Впрочем, я слушал недолго; дверь, сквозь которую долетала до меня жалобная и дикая гармония далматского инструмента, затворилась, и я различал уже только одни глухие звуки, которые сначала возбудили мое внимание, да и те скоро замолкли. Из этого я заключил, что певица, которая, верно, пришла к Фортунату в то время, как я ходил вокруг стен, скоро воротится в свой павильон. Я подошел к окну, и точно, вскоре потом две женщины, закутанные в белые покрывала, прошли по двору и скрылись в павильоне.
XXVI
На другой день досадная дверь была отперта и, когда позвали завтракать, я прошел через комнаты Константина и Фортуната. Прежде всего поразили меня гусли, звуки которых я накануне слышал; они висели на стене между ятаганами и пистолетами. Я спросил Фортуната с самым равнодушным видом, разве он играет на гуслях; он отвечал, что этот инструмент для греков то же, что гитара для испанца, что всякий более или менее играет на них, по крайней мере, умеет аккомпанировать себе. Я хорошо знаю музыку, а на гуслях играют почти так же, как на виоле или мандолине; я снял инструмент со стены и сделал несколько аккордов. Страстные к музыке, как все народы первоначальные или перешедшие от образованности к варварству, Фортунат и Константин слушали меня с восторгом; я сам находил странное, неизъяснимое удовольствие в игре на инструменте, который накануне утешал меня такими сладостными звуками; мне казалось, что в нем еще осталась частичка вчерашней мелодии и что ее-то я и пробуждаю. Рука моя дотрагивалась до тех же самых струн, которые говорили под другою рукою, и после нескольких попыток я вспомнил песню, которую вчера слышал так, что мог бы спеть ее, разумеется, без слов, с начала до конца. Но это значило бы донести самому на себя; нечего было делать, я затаил эту песню в душе и вместо того запел Pria che spunti Чимарозы.

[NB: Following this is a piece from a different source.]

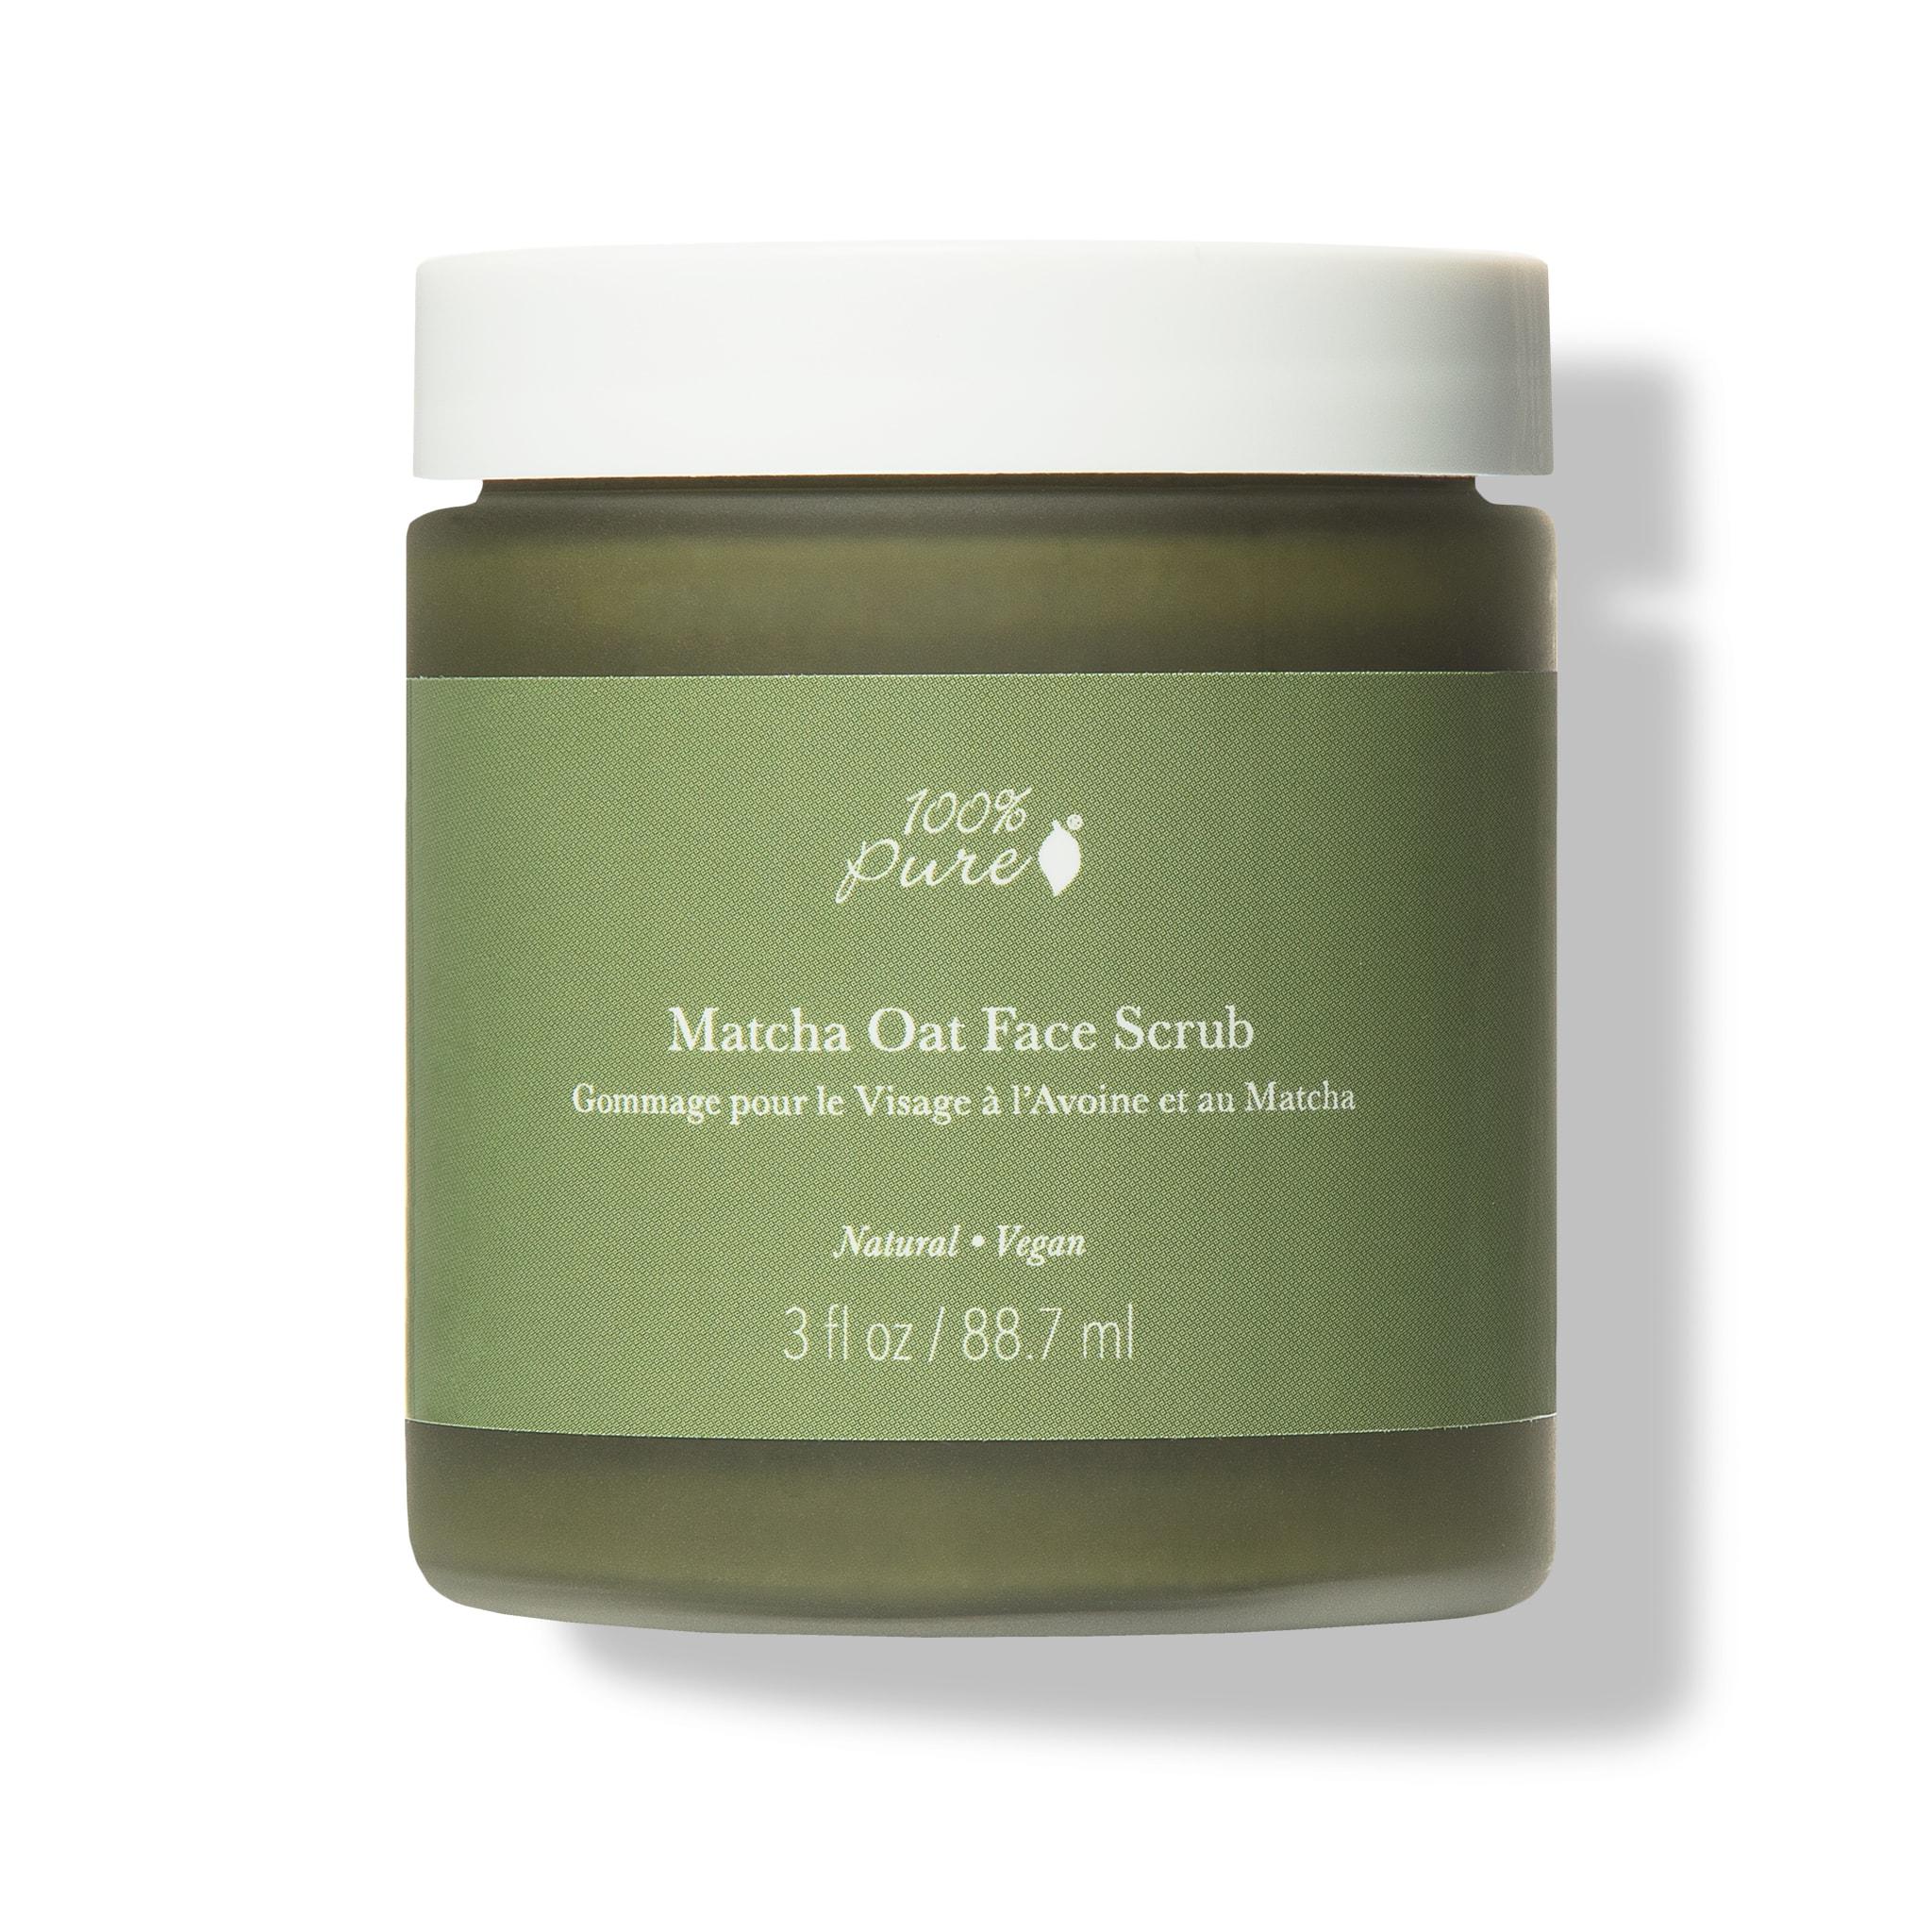 Product Grid - Matcha Oat Face Scrub
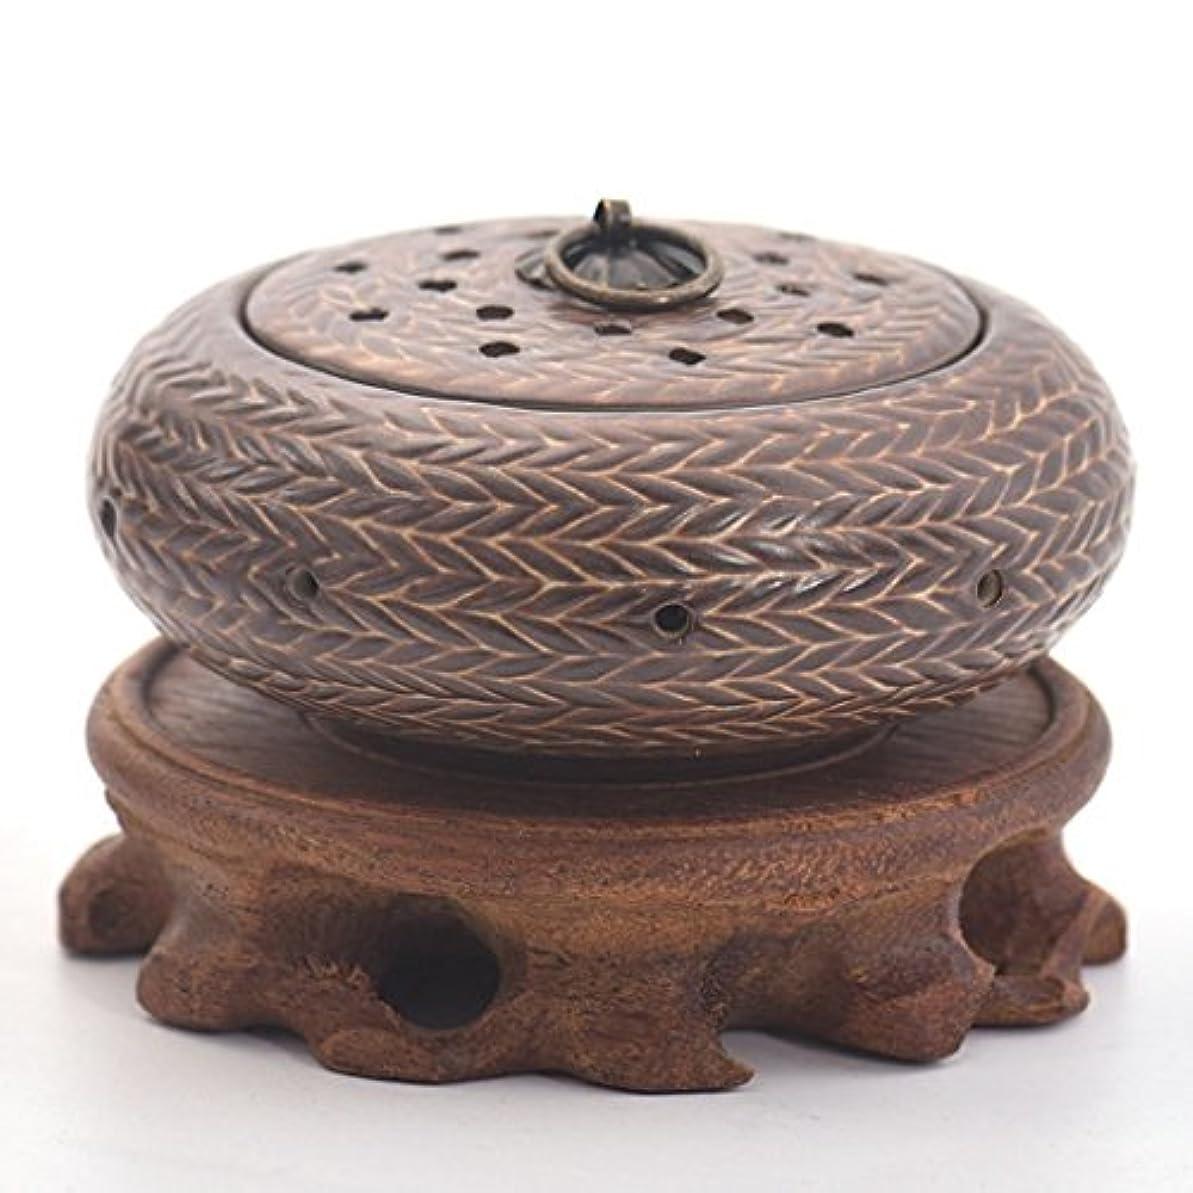 流付けるシーズン(ラシューバー) Lasuiveur 陶磁器 香炉 香立て 線香立て お香立て

Константин и Фортунат были в восторге потому ли, что пение мое отличалось мелодиею, не известною этим неученым любителям музыки, или что восторженное состояние ума моего придало особенную выразительность голосу; и я заметил, что восхищались мной не одни мои видимые слушатели, потому что решетка павильона шевелилась. После завтрака я просил позволения унести гусли в свою комнату, и Константин охотно на это согласился. Разумеется, я не стал тотчас играть на них; это значило бы возбудить подозрение моих хозяев, и они, под каким-нибудь предлогом или даже совсем без предлога, перевели бы меня в другую часть дома. Таким образом, я лишился бы единственной возможности удовлетворить желание, которое могло почесться еще только любопытством, но уже занимало меня, как чувство более нежное. Я решился снова погулять по острову, и как в этом отношении Константин предоставил мне совершенную свободу, то я сошел вниз и велел оседлать себе лошадь.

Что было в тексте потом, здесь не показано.